In any case, this should be already solved in Proxy-Wasm (but perhaps it needs to be glued together with the per-route configuration in Envoy), since you can have multiple plugin instances with different configurations, so route configuration A and route configuration B can be instantiated as plugin with configuration A and plugin with configuration B... unless I'm missing something?

Considering the overhead of a WasmVM, it's hard to same to run lots of different vm instances is good solution.

But anyway, yeah, maybe we also need to rethinking this problem at host. Lots of problems is hard to resolve by single side.

Proxy-Wasm already supports running multiple instances of the same plugin with different configurations inside the same WasmVM (i.e. many-to-one), so there is no extra overhead here.

This is how the configuration reloads are handled in Envoy, and how the same plugin is used with different configurations in different filter chains (assuming the same vm_id).

I didn't get it. I think the SDK maintained by the proxy-wasm also should be proxy-independent? Or it just make the end developers be confused. They used the SDKs, and develop an extension at their platform, then find lots of interface actually cannot work?

Yes and no.
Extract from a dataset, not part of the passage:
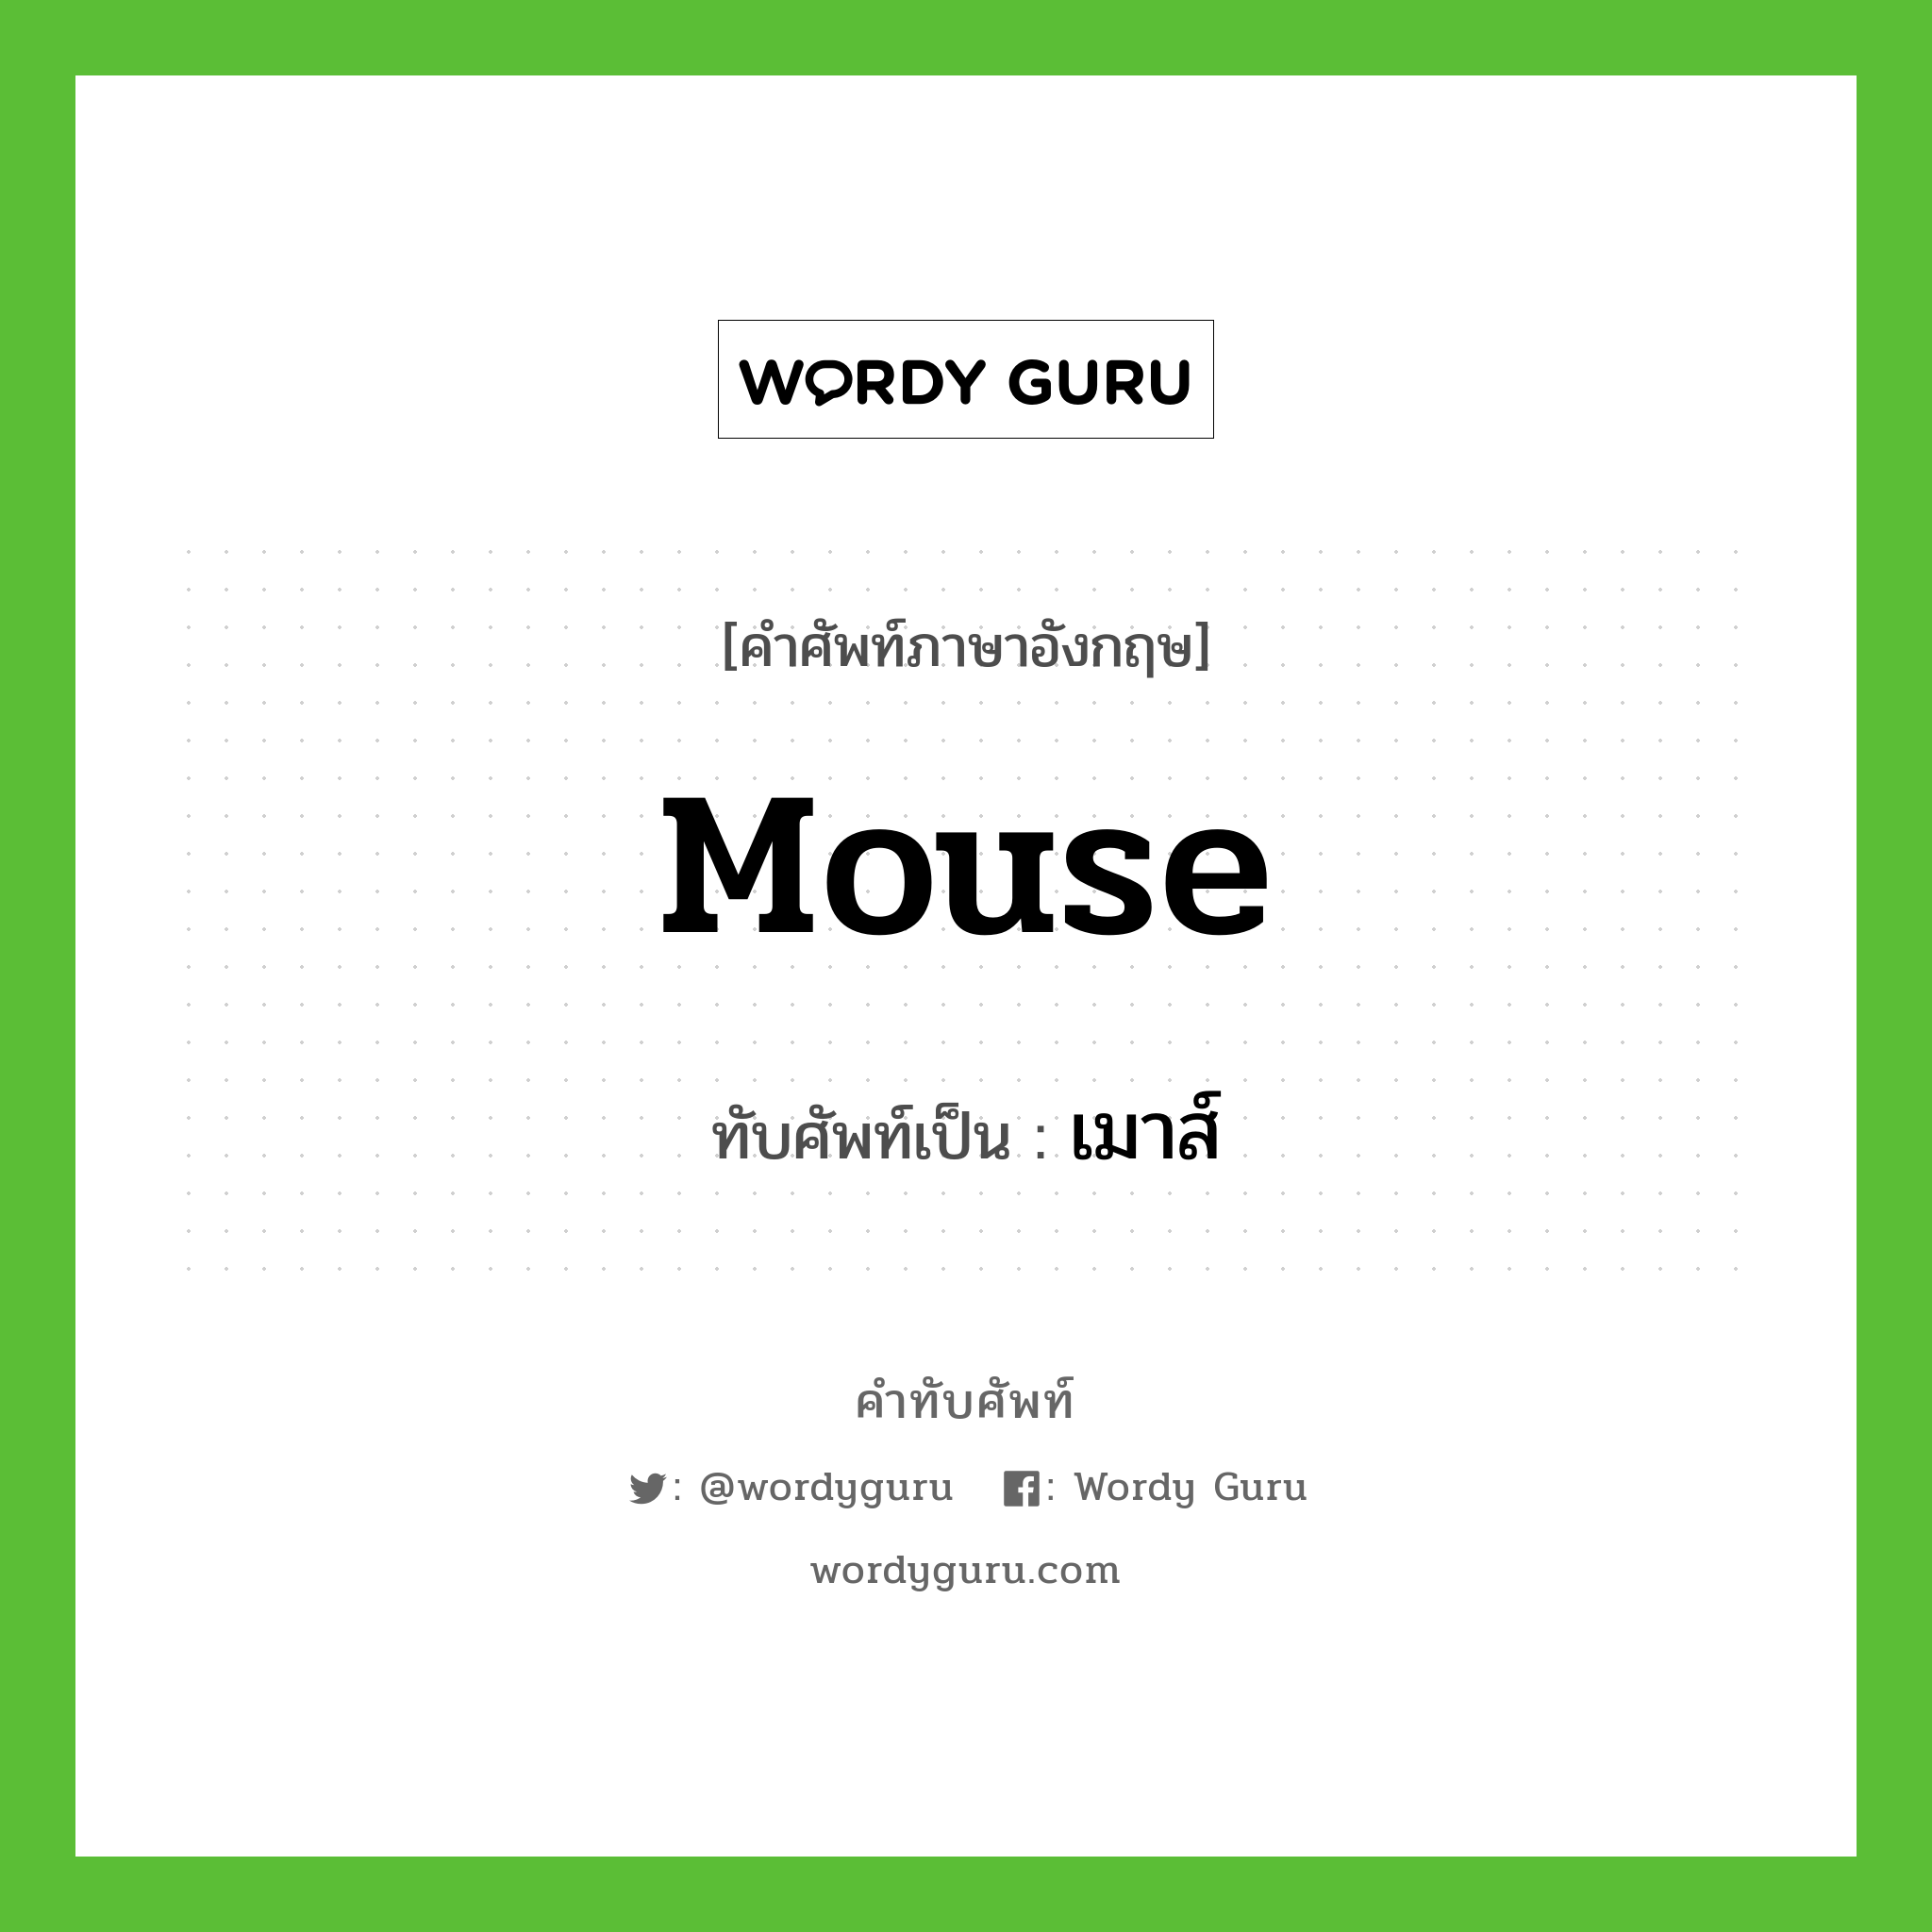 mouse เขียนเป็นคำไทยว่าอะไร?, คำศัพท์ภาษาอังกฤษ mouse ทับศัพท์เป็น เมาส์

I want to be as conservative as possible, but at the same time we should prevent unnecessary fragmentation of the Proxy-Wasm ecosystem and avoid splitting the already limited engineering resources.

Based on the discussion in this thread, if we ignore the generic features that will be added in the upcoming ABI update (e.g. complete request buffering) and things that should be handled in Envoy (route cache control and per-route configuration), then it seems that there are very few Envoy-specific features (filter state & dynamic metadata).

As such, it's probably more productive to add clearly named wrappers to the existing SDKs for those 2 or 4 (for both getters and setters) custom hostcalls, than to fork away, which might prevent plugins written using those alternative SDKs from running on non-Envoy Proxy-Wasm hosts, even when they don't require any Envoy-specific features.

[github-actions[bot]]

This issue has been automatically marked as stale because it has not had activity in the last 30 days. It will be closed in the next 7 days unless it is tagged "help wanted" or "no stalebot" or other activity occurs. Thank you for your contributions.